[Part II of this series discusses further issues in the Kenyan High Court’s landmark judgment in David Ndii v The Attorney-General (the “BBI judgment”). Part I can be found here.)
One of the issues that fell for determination by the High Court in the BBI Judgment is whether article 257(10) of the Constitution demands of all specific constitutional amendments to be submitted as separate and distinct questions in a referendum ballot paper, or whether multiple questions may be contained in a single referendum ballot paper. The Court noted that in some jurisdictions, there are usually multi-option referendums whereby the options of voting available to the people are many, unlike in a binary referendum which admits of only two options-either in the affirmative or in the negative.
The Court relied on the Report of the Independent Commission on Referendums, a publication by University College London, for the proposition that imposing binary choices in a non-binary debate such as a constitutional amendment where there are many issues makes it virtually impossible for citizens to express their true preferences. In the Court’s reasoning, a binary option is also likely to fester political and social divisions and foment an adversarial contest. It was held that a multi-option referendum is apropos where there are multiple clearly defined options and there is clearly divided opinion on such options. The Court noted that the BBI Bill sought to amend at least 74 provisions of the Constitution, and held that to allow the same to pass as an omnibus bill as framed would be to rob citizens of freedom of choice and allow for either a ‘laundering or guillotining’ of the whole Bill. The court was emphatic that the proposals in the BBI Bill ought to be submitted as separate and distinct referendum questions to avoid confusion and to allow for each proposed amendment to be considered on its own merit.
It would appear that the reasoning of the Court in this regard was sound and people-centred, in that the requirement to present a separate and referendum question on each of the amendment proposal seeks to give agency to the citizenry. It is a recognition of the fact that people do not operate robotically as to either approve or disapprove of constitutional amendments. As acknowledged by the Court, it may well be that a citizen desires particular amendment proposals while disapproving of others, and they ought to be afforded a chance to make these choices or cherry-pick so to speak. Indeed, only such a mechanism can tame attempts by the political elite and others who may desire to amend a Constitution from adopting a ‘carrot and stick’ approach whereby they entice the citizenry with some goodies in the form of amendments which may however turn out to be ‘poisoned chalice’.
Additionally, a multi-option referendum avoids the challenge of a binary referendum of polarising debates as was the case with the Brexit vote in the UK. It also avoids the reductionist approach of reducing complex policy decisions to two diametrically opposed options.

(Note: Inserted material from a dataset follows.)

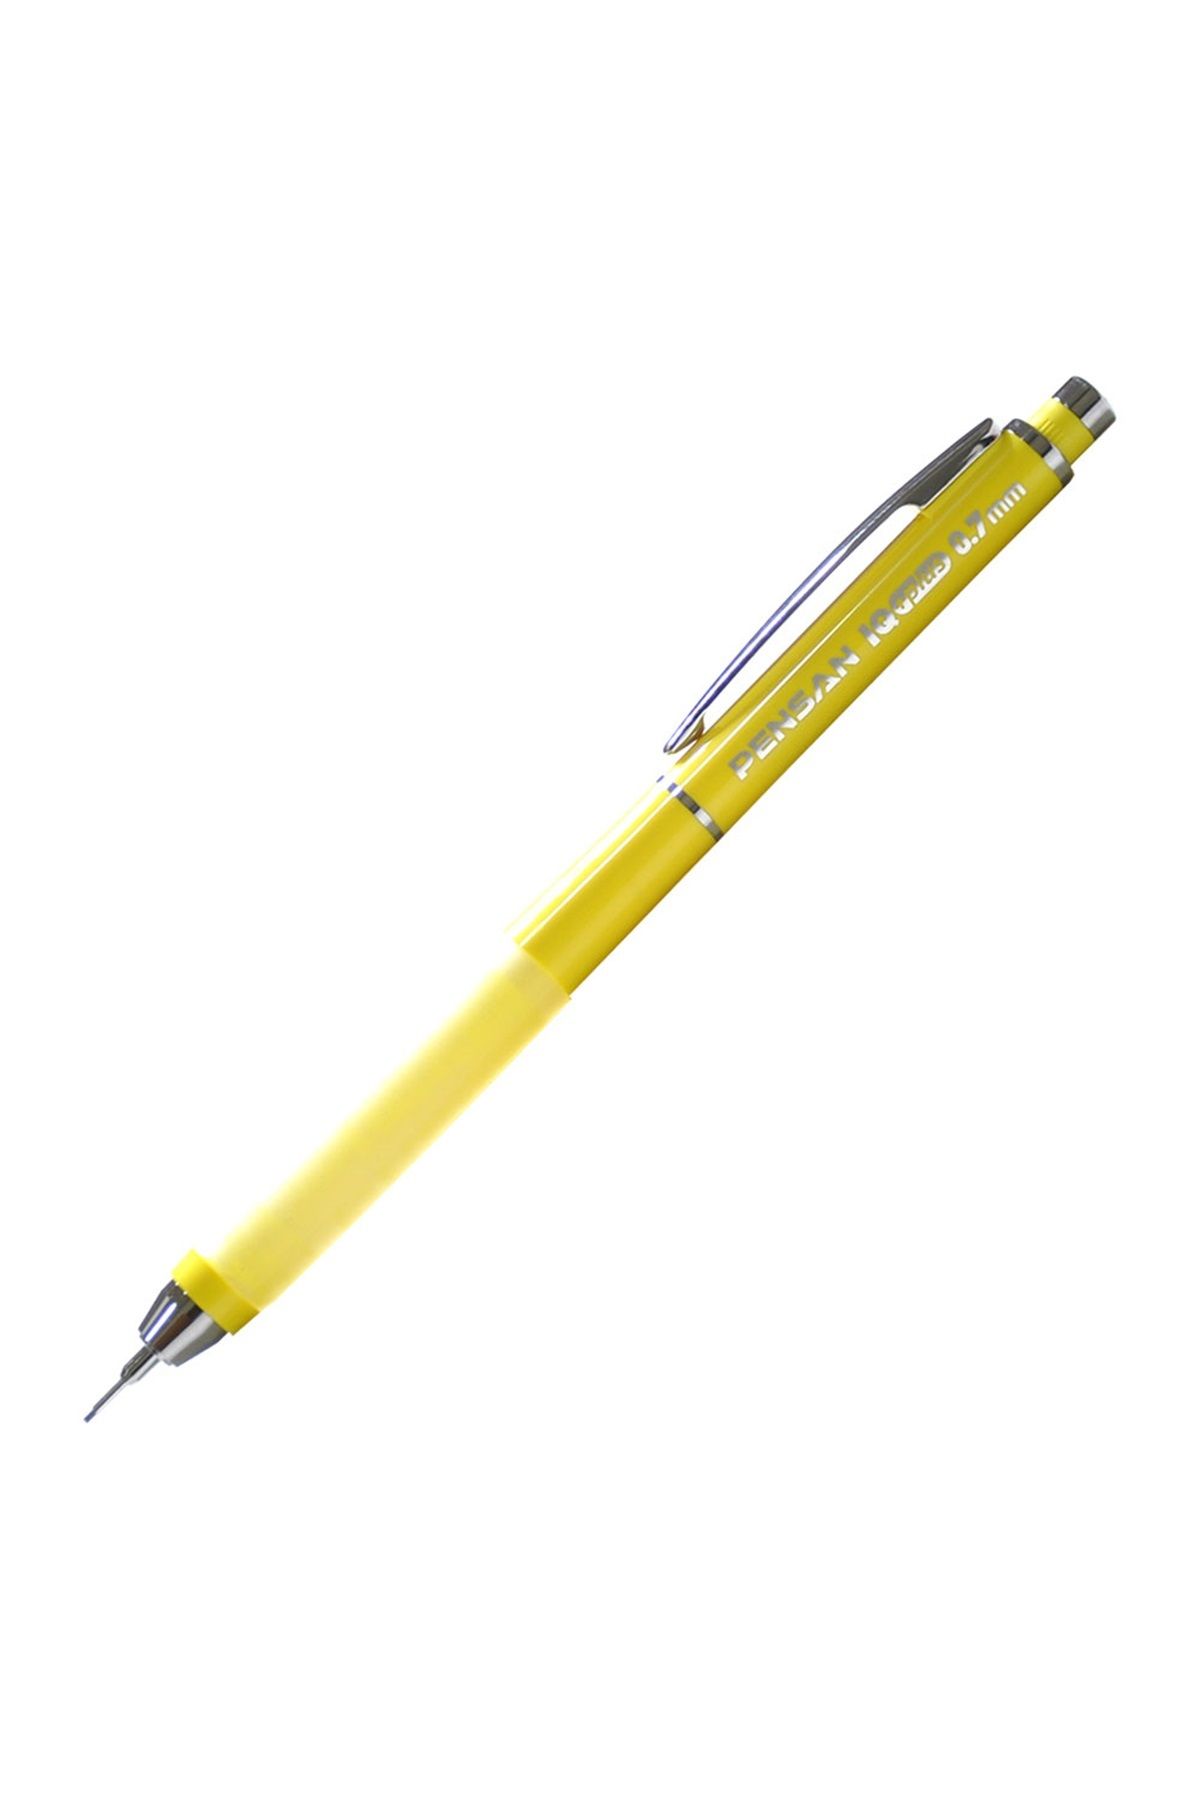 Pensan Iq Plus Versatil Kalem 0.7 - Sarı

In any event, there have been various experiences of multi-option referendums around the world that may be drawn upon.
The above notwithstanding, there are practical challenges of realising the commands of the Court. In cases where there are multiple proposals for amendment, as is the case with the BBI Bill, it may be impractical or virtually impossible to condense all amendment proposals in form of questions onto a referendum ballot paper. This is especially so given the low literacy levels of the citizenry of a not-insignificant part of the voting population, the latent nature of some proposed amendments, the cost of printing lengthy ballot papers and the time spent in voting on each of the proposals.